At the contest, there are complications. Ross, guided by Falck, performs well, but Claire is worried because her employer Bogdin Peshkov, whom she suspects of lusting after her, is present—and drunk. Sure enough, when Claire is denied first place, Peshkov makes a scene, whereupon Ballin orders him removed. Falck, seizing his chance to embarrass Ross, flips his switch, and his control of Ross is flipped to Bundy, currently controlling a ballet dancer; Ross pirouettes across the stage, slamming into Peshkov, who is now threatening the gathering with a pistol. As the shocked Bundy releases control, Ross himself takes charge and successfully restores order.

Far from being shamed, Ross is now a hero. The grateful Ballin hires him away from The Garment Gazette, and Mr. Nye at Telegog assures him that Falck's subterfuge has been discovered and the disgraced guide fired. He offers a free extension of its services in compensation for the trouble, but Ross declines. Newly confident in his own abilities, he has proposed to Claire and been accepted. But, Nye urges, suppose he prove bashful on his wedding night—? "No!" shouts Ross. "By gosh, there's some things I'm gonna do for myself!"

==Setting==
The story is set in a near future similar to the era in which it was written, but in which the Soviet Union has been overthrown by a Capitalist revolution (The Peshkovs are former Communist apparatchiks living in exile), and characterized by unusually advanced developments in neurology.

==Reception==
P. Schuyler Miller, reviewing it with the other stories in A Gun for Dinosaur and Other Imaginative Tales wrote "Lack confidence? Don't--as 'The Guided Man' did--let the operators of the Telagog Company take over for you." He considered it "distinctly late-model de Camp, commenting on the current scene--and especially the suburban, or more properly exurban scene--by projecting it into the future, where its 'things of custom' appear in all their incongruity. As the plot grows simpler and simpler, the settings and commentary carry more and more of the load, in the manner of an off-Broadway play. And there will be those who say the author has written himself into most of his rather put-upon heroes-in-spite-of-themselves."

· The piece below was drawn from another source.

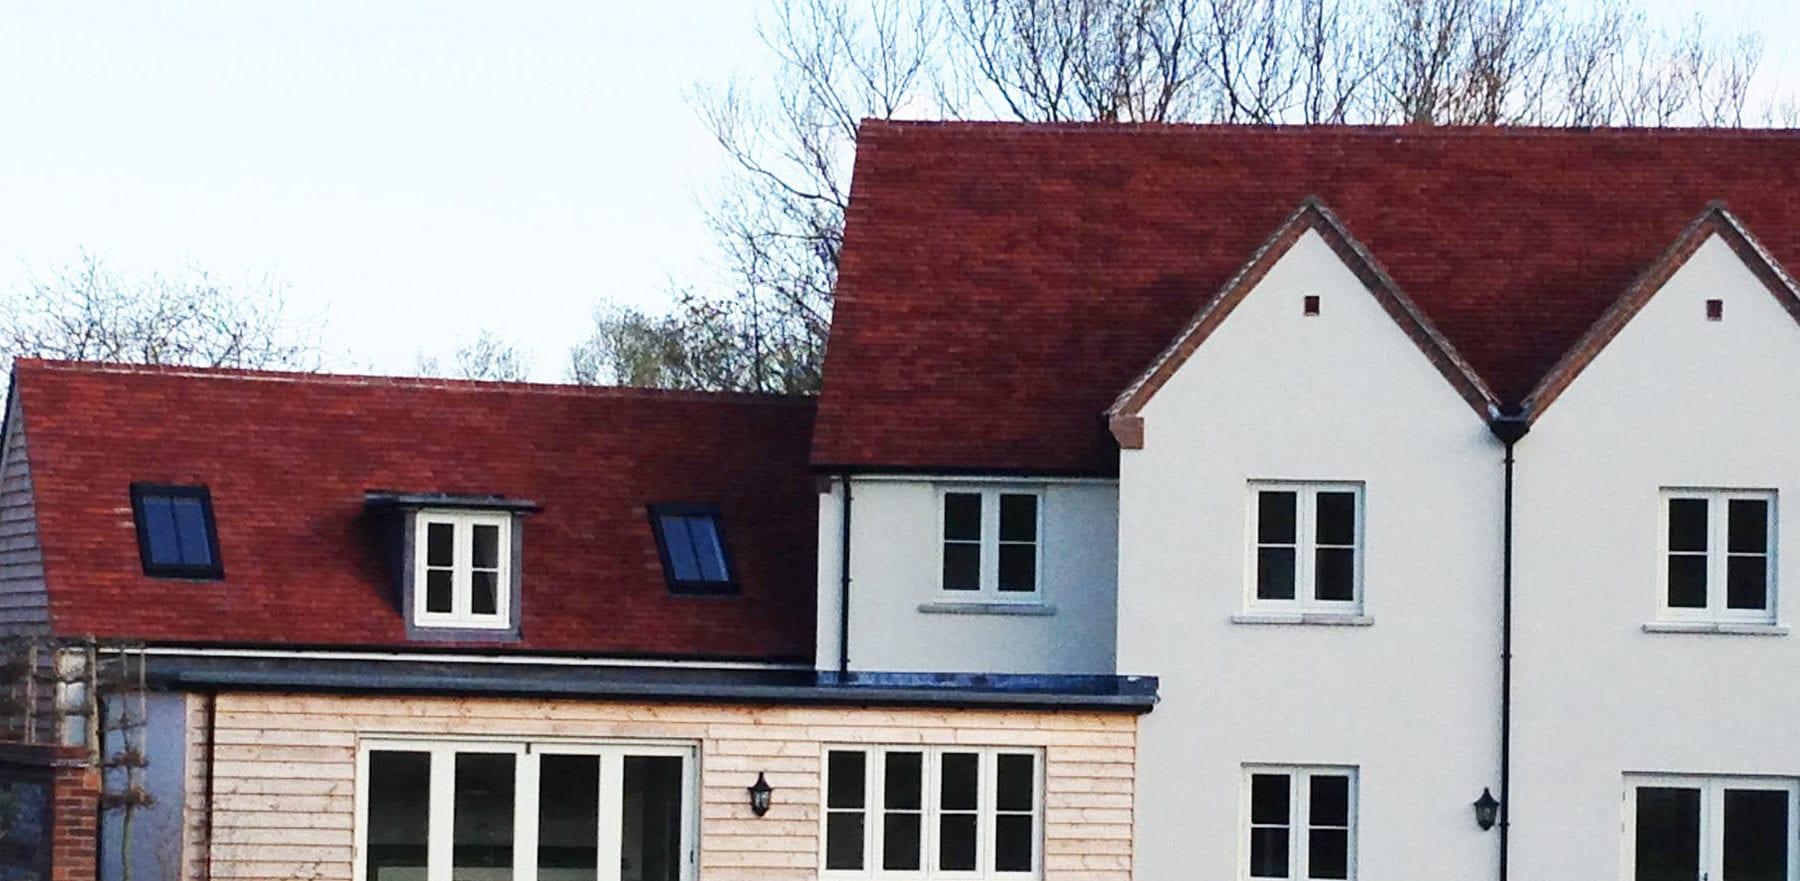 Lifestiles - Handmade Heather Clay Roof Tiles - Salisbury, England 3

Avram Davidson, on the other hand, found the collection "a great disappointment ... Time after time he gets hold of a great idea--and throws it away in playing for laughs of the feeblest conceivable sort." He singled out one exception, but it wasn't this one.

Robert Coulson, reviewing The Best of L. Sprague de Camp, wrote "'The Guided Man' is unsophisticated and unsure of himself in the big city, so he hires a firm of experts to guide him in crucial situations by actually taking over his body, with, of course, unexpected results, especially since one of the operators has designs on his client's girl friend. This is the sort of 'society fantasy' that the slick magazines of the era were buying, though this particular story was probably too scientific and too rowdy for them."

==Relation to other works==
De Camp took a different approach to the theme of curing shyness in the similarly-titled "The Hibited Man" (1949), whose protagonist is subjected to an experiment that has the side-effect of removing his inhibitions.

==Projected film adaptation==
In April 2006 the story was reported to have been optioned for film as a romantic comedy to be titled "Speechless," with Brian Dannelly as director and Adrien Brody and Lindsay Lohan in talks to star. The original adaptation was written by Steve Adams and the story updated by Dannelly and Michael Urban. According to Daily Variety, the adaptation involves an introverted man (Brody) so terrified of having to give a speech at a friend's wedding that he turns to a service allowing someone else (Lohan) to speak through him. Production was projected to start production later in 2006. The project was later shelved.